Keeping the assessee’s objections and the decisions of the Coordinate Bench, prima facie, we are of the view that TATA Elxsi Limited is functionally different and has incomparable size to that of the assessee. Further, we are unable to verify whether the segmental profits adopted by the TPO pertain to entire software development services or pertain to limited service akin to assessee services. Since, these aspects are not clear from the data furnished before us, we direct the TPO to examine and in case, the segmental profits of a particular service is not available, then, to exclude the TATA Elxsi Limited from the list of comparables. Accordingly, this issue is restored to the file of TPO for examination and to decide in accordance with law and facts, after affording reasonable opportunity of being heard to assessee.”
In view of the aforesaid decision rendered on identical facts and circumstances, we are of the view that TATA Elxsi Ltd., was rightly excluded from the list of comparable companies.
As regards grounds No. 3 to 6 are concerned, Thirdware Solutions Ltd., and Geometric Software Solutions Ltd., are concerned, were held to be functionally different from a company rendering software development services such as the Assessee in the case of Sunquest Information Systems (I) Pvt.Ltd. by the ITAT Bangalore for AY 05-06 order dated 11.6.2015. The following were the relevant observations of the Tribunal.
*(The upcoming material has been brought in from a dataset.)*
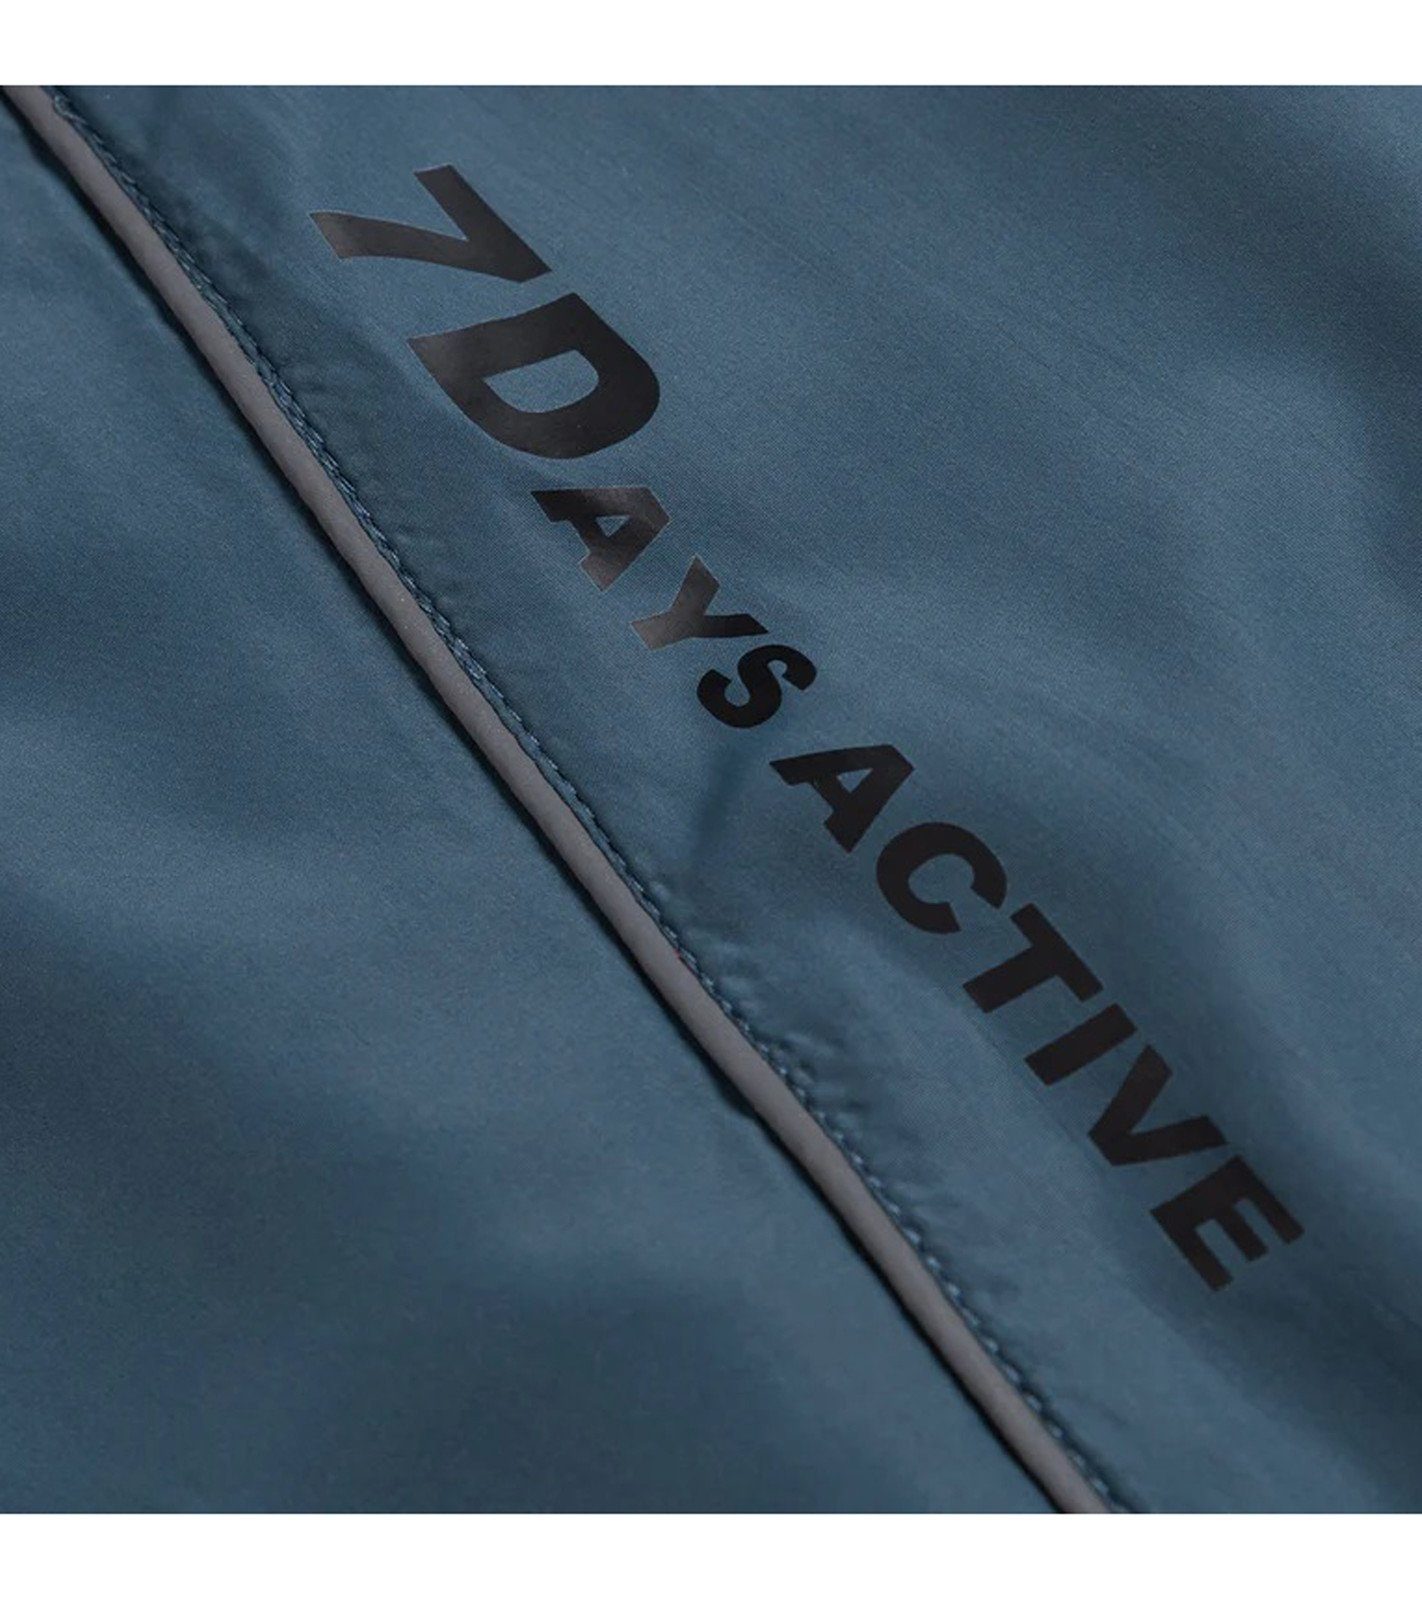 Track Active 7 Details DAYS DAYS Lauf-Jacke Trainingsjacke Active reflektierenden Blau Aicot Jacket mit 7 Sport-Jacke

IT(TP)A No.1302/Bang/2011 & CO No.92/Bang/2012 Page 25 of 38 “ 22. We have considered his submission and find that the ITAT Hyderabad Bench on identical facts, held that the aforesaid two companies viz., Four Soft Ltd., and Thirdware Solutions Ltd., are not comparable companies in Software Development Services companies. The following were the relevant observations:- “15.4. FOURSOFT LIMITED : This comparable is objected on the same reason as this company is involved in product development and owns products namely 4S eTrans and 4S eLog. These products are used in Sun Microsystems Inc, in an Application Verification Kit Certified for Enterprises and assessee have been investing continuously on product developments. Since assessee is in the product development, having I.P. rights, the same is not comparable. 15.5. THIRDWARE SOFTWARE SOLUTIONS LIMITED : This company is objected to by the assessee on the reason that the said Thirdware Software Solutions Ltd. is engaged in sale of software licence and related services and not a service provider. Referring to the annual report, it was submitted that this comparable was rejected by the ITAT, Pune in the case of Egain Communications Ltd. This company having revenue from product license and earning extraordinary profit due to intangible owns. 15.6. These three comparable above Flextronics Software Limited, Foursoft Limited and Thirdware Software Solution Limited were analysed by the Coordinate Bench of the Tribunal in the case of Intoto Software Solutions Pvt. Ltd. (supra) wherein it has been held as under : "23. The other companies which are objected to by the assessee are Flextronics Software Limited, Foursoft Limited and Thirdware Software Solution Limited. As far as these three companies are concerned, the learned Counsel appearing on behalf of the assessee submitted that they are into both software as well as product development. He submitted that the TPO has taken note of the fact these companies are also into product development but has selected these companies as comparables
IT(TP)A No.1302/Bang/2011 & CO No.92/Bang/2012 Page 26 of 38 by applying the filter of more than 70% of its revenue being from software development services. The learned Counsel submitted that the functions of these companies are different from the assessee who was into sole activity of software development for its associated enterprise. He submitted that the TPO has allocated the expenditure in the proportion of the revenue of these companies from software services and software products and has adopted the figure as segmental margin of the company and has taken these companies as comparables. He submitted that by taking the proportionate expenditure, the correct financial results would not emerge. He submitted that nothing prevented the Assessing Officer/TPO from obtaining the segmental details from the respective comparable companies before adopting them as comparable companies and before taking the operating margin for arriving at the arms length price. He submitted that wherever the segmental details are not available, then the said companies should not be taken as comparables. For this purpose, he placed reliance upon the decision of the Bangalore Tribunal in the case of First Advantage Offshore Services Pvt. Ltd. vs. The DCIT in ITA.No.1252/Bang/2010 wherein these companies were directed to be excluded from the list of comparables.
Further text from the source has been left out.